Chaosamran_Studio - stock.adobe.
Why run AI on-premise?
Much of artificial intelligence’s rapid growth has come from cloud-based tools. But there are very good reasons to host AI workloads on-premise
Artificial intelligence (AI) services such as OpenAI’s ChatGPT, Microsoft’s Copilot and Google’s Gemini run in the cloud. But when it comes to enterprise deployments, AI is by no means cloud-only.

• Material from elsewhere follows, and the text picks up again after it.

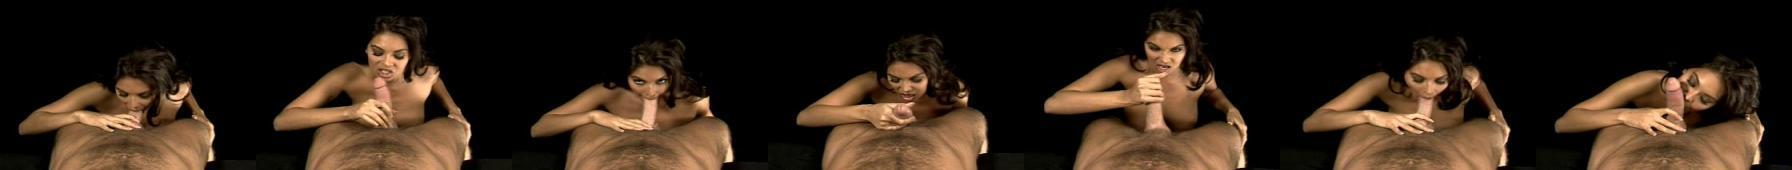 Filmy porno z Tera Patrick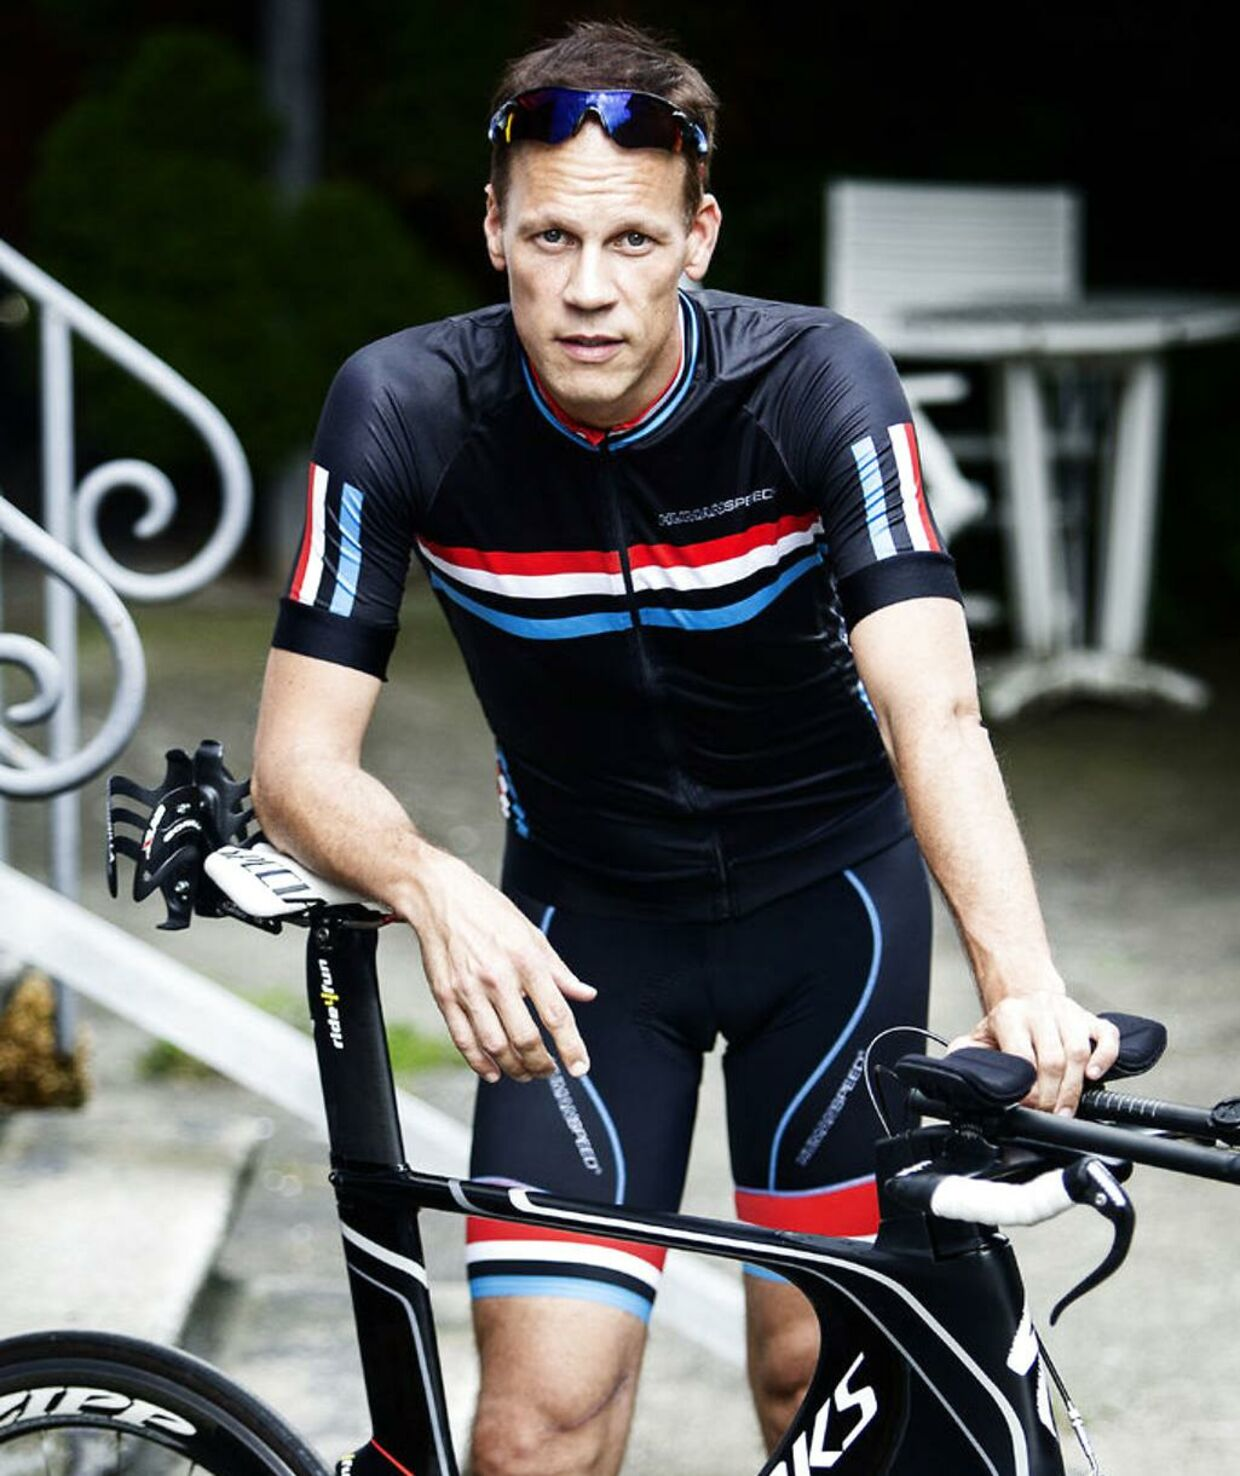 Dennis Ritter har altid elsket cykling, og han kunne ikke lægge cyklingen fra sig, selvom han blev frustreret over de mange cykeltyverier, han var udsat for.

Advances in technology, the development of “small language” and open source models, performance, and the benefits of locating AI close to data sources create situations favouring on-premise architecture. Then there are considerations around security, data privacy, safeguarding intellectual property and cost. For each, there is a strong case for on-premise AI, even as most of the industry’s attention is on cloud solutions.
“Most enterprises currently run their AI workloads in the cloud, driven by the significant advantages of scalability, cost efficiency and rapid deployment that cloud platforms like AWS [Amazon Web Services], Microsoft Azure and Google Cloud offer,” says Derreck Van Gelderen, head of AI strategy at PA Consulting.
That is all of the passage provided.